Well this is my first gun and i got a great price on it, i bought it from a cop who was using it as his off duty weapon. its about 9 months old and has had about 500 rounds through it. i don't have the gun yet but i was wondering if there was anything i should watch out for on this gun. Are there any problems that seem to happen often on this guy, ya know stuff like that. im glad i found this site and would love some more info. i don't know how you guys are on this site but i'll post some pictures when i pick it up. i always love seeing pictures. thanks again.

Jake


----------



## TOF (Sep 7, 2006)

Unless the LEO you purchased from treats guns badly it should work well for you.

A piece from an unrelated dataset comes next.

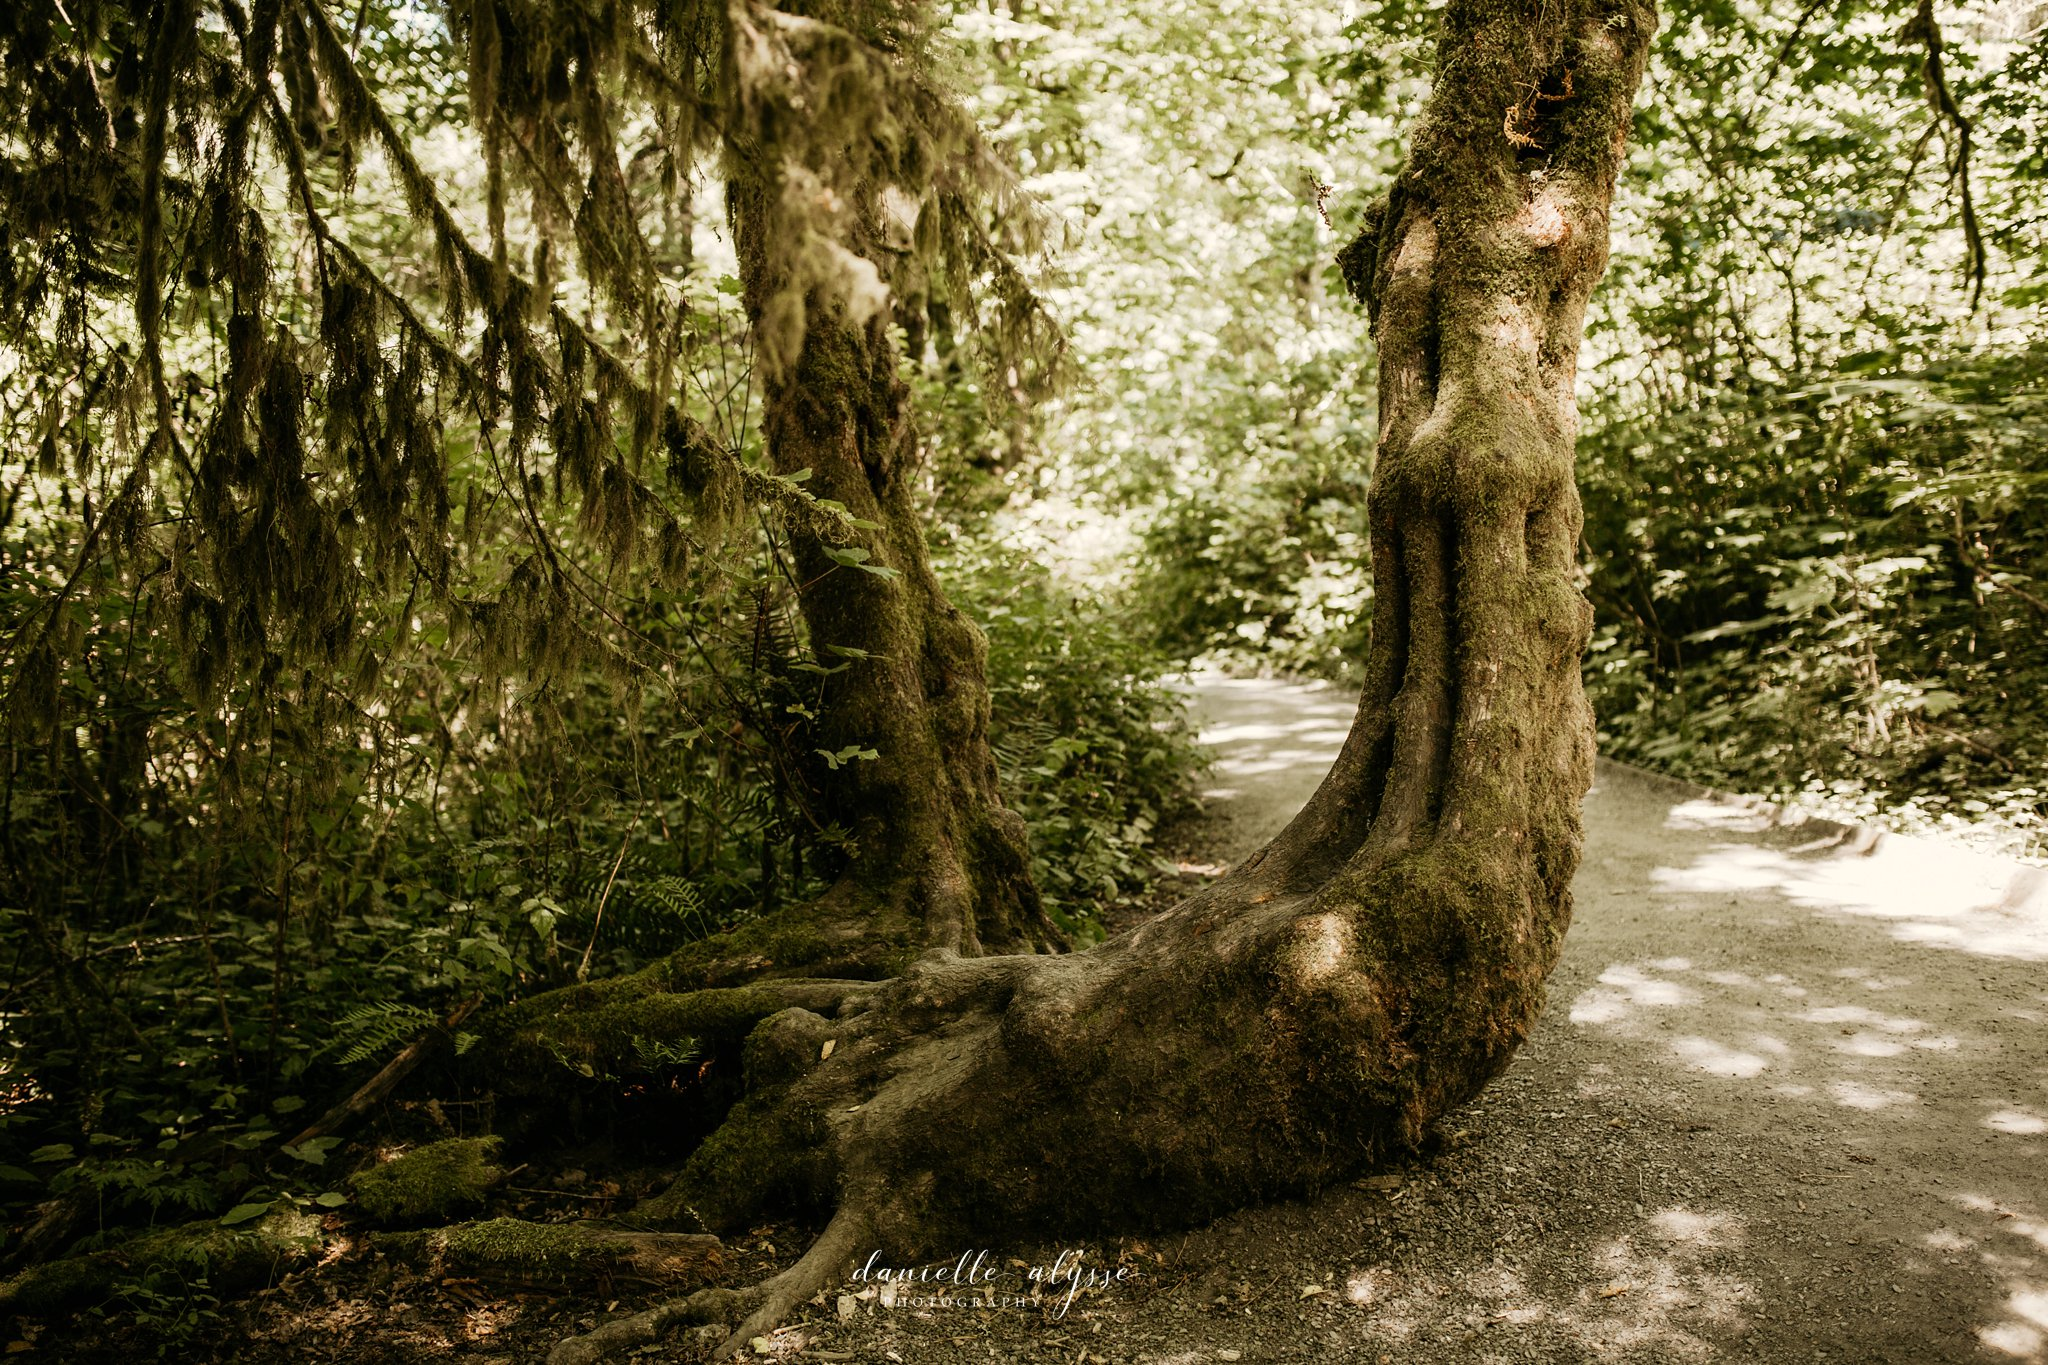 180720_travel_washington_destination_seattle_danielle_alysse_photography_blog_220_WEB.jpg

I had an XD40 Tactical for a while and it performed quite well for several thousand rounds. It was still going strong when I traded it off.

I don't know of any problems for you to watch for but do advise you to learn how to clean it and if you haven't already, get some training on safe use.

Good luck and enjoy your new hobby. :mrgreen:


----------



## jski711 (Sep 15, 2008)

sounds good. i appreciate all the info, im taking it all in. As far as i know he took very good care of the gun. my buddy is a LEO i've been shooting with him before and plan on getting some more experience shooting with him. thanks for the advice. as far as cleaning would my local gun shop show me how to do this? im sure my buddy would if i asked him. also as far as registering the gun with my local police department is this something that i have to do. again i'm new at this and am not sure how to go about this. thanks again,

Jake


----------



## TOF (Sep 7, 2006)

jski711 said:


> sounds good. i appreciate all the info, im taking it all in. As far as i know he took very good care of the gun. my buddy is a LEO i've been shooting with him before and plan on getting some more experience shooting with him. thanks for the advice. as far as cleaning would my local gun shop show me how to do this? im sure my buddy would if i asked him. also as far as registering the gun with my local police department is this something that i have to do. again i'm new at this and am not sure how to go about this. thanks again,
> 
> Jake


Cleaning is not a big deal. Your friend should be able to teach you in a few minutes. You don't have to dissassemble all the itty bitty pieces to do a good job but do need to know how to remove the slide, Barrel and striker. Ask your buddy.

Remember!!! Remove magazine Lock slide back and verify the chamber is empty. Check the chamber again. And again. Move the Magazine and all ammo from the room then return to the pistol. Check again!

Now you may begin the take down procedure.

Regarding "REGISTRATION":

I live in a free state, so to speak, that does not require use of that dirty word. Your state may be different. My expectation is that your LEO buddies would not have sold to you without advising in that regard unless they are not realy your buddies.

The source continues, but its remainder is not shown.